Итак, Армия Крайова пытается распространить свое влияние на переселенцев. Андрей читал перехваченную радиопереписку групп АК с эмигрантской кликой в Лондоне. Значит, и в этих уездах кровавый антипольский курс АК на вооруженную борьбу против своей родины, соотечественников, Советской Армии-освободительницы становится реальностью.

Еще час ожидал Черняк, и терпение его было вознаграждено: он услышал знакомое тарахтение мотоцикла.

Времени было в обрез, и Андрей сжато сообщил Пете о контакте с Блотиным.

– Из слов Никифора я понял, что он в жесточайшем разладе с Доктором и щадить его не станет, выложит всю подноготную. Постарайтесь взять Блотина живым.

– А второй – Марек, что это за фигура?

Андрей изложил свое впечатление о Мареке и высказал мнение, что его можно использовать для выхода на Доктора.

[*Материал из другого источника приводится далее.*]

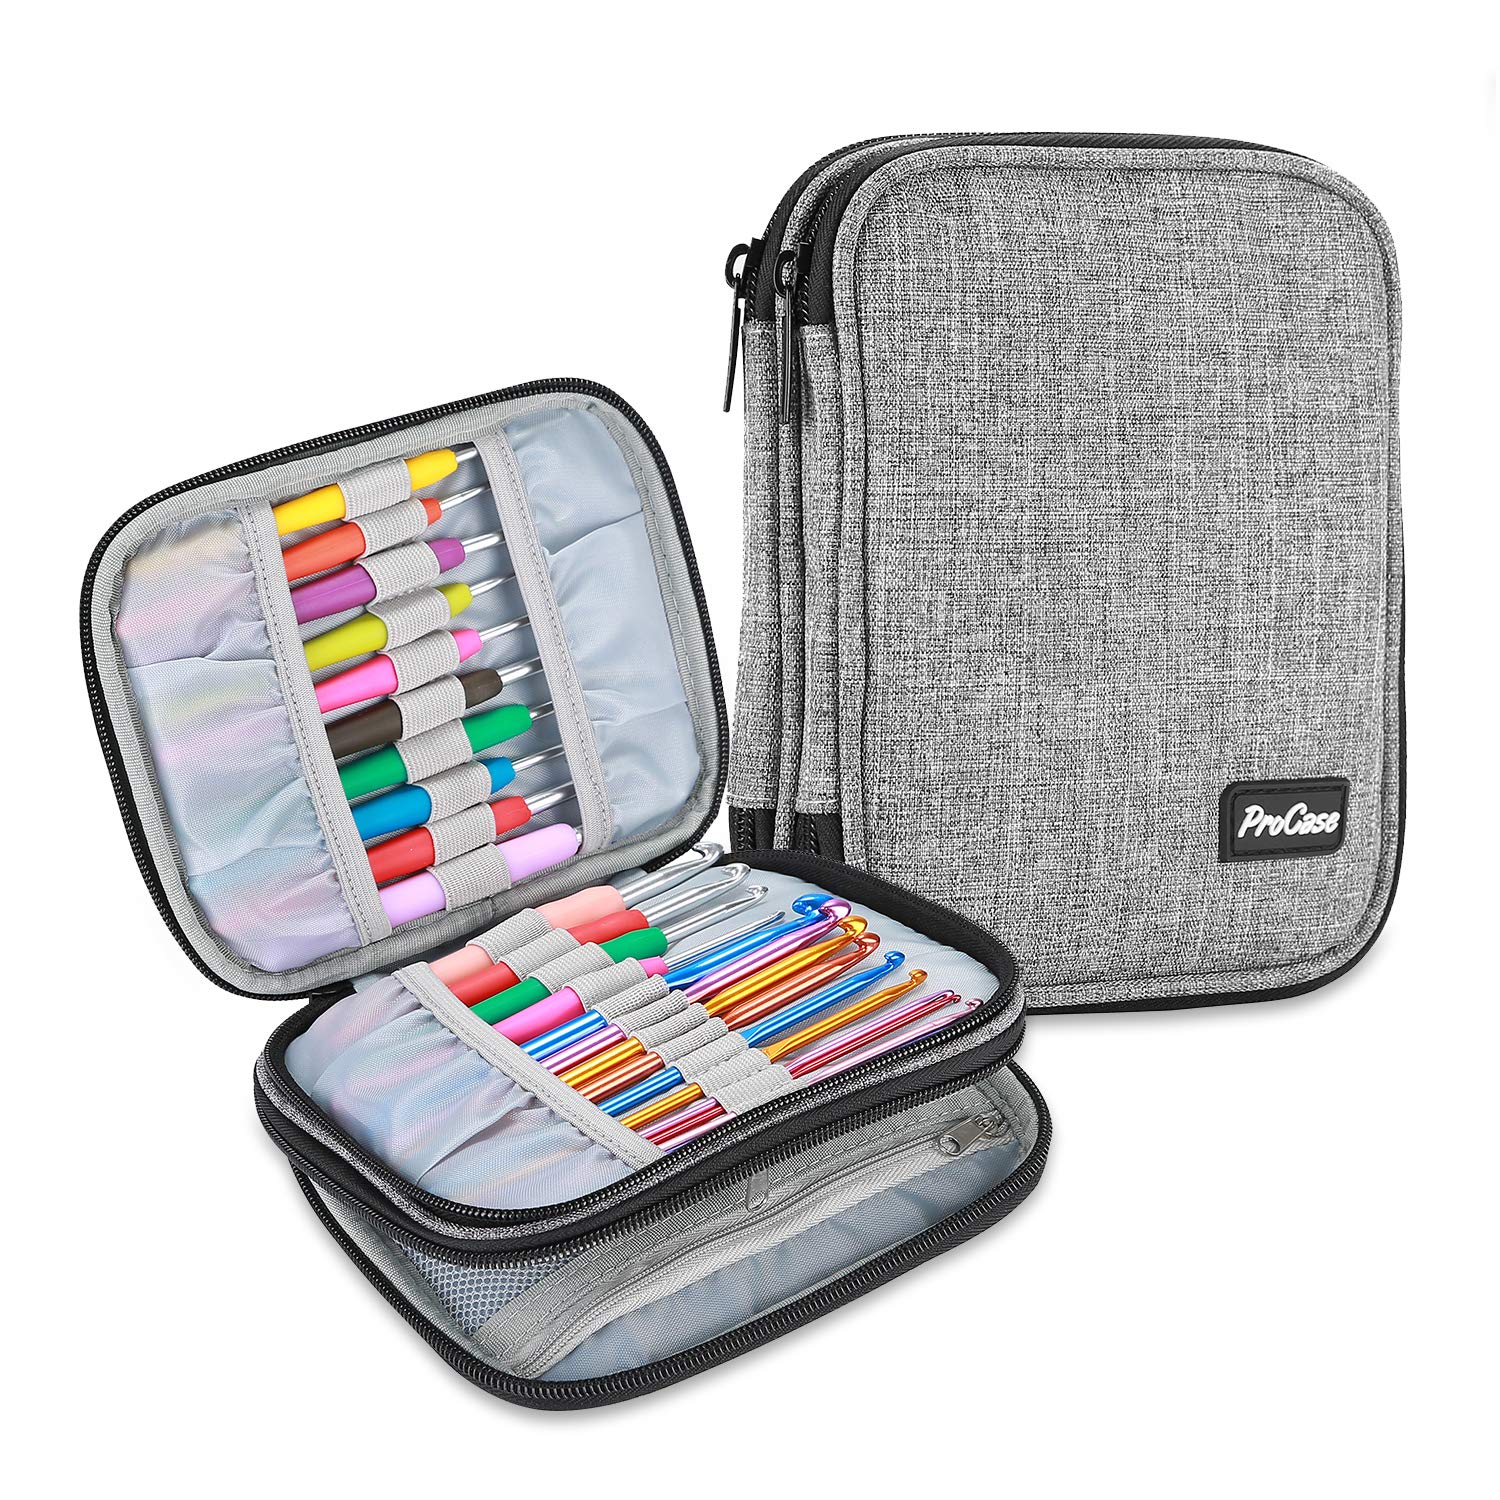 ProCase Crochet Hook Case (up to 6.5 Inches) Travel Organizer Zipper Bag  for Various Crochet Hooks

Бугаков с явным сомнением выслушал Черняка, но спорить не стал, коротко заметил:

– Я доложу Грошеву.

Петя покатил мотоцикл к дороге, и уже вдогон Андрей спросил:

– Как Юзин?

– Паршиво. Большая потери крови...

...Через два дня Андрей вновь встретился с Мареком.

Это произошло на малеевском хуторе. В вечерней тиши скрипнула дверь, и в комнату, затравленно озираясь, вошел Марек. Он увидел на столе пищу, жадно потянулся к ней. Глотал почти не прожевывая, словно боялся, что отгонят. Только насытившись, Марек ответил на невысказанный вопрос Черняка и Малеева:

– Никифор убит патрулем.

– А ты смог уйти? – в голосе Малеева сквозило сомнение.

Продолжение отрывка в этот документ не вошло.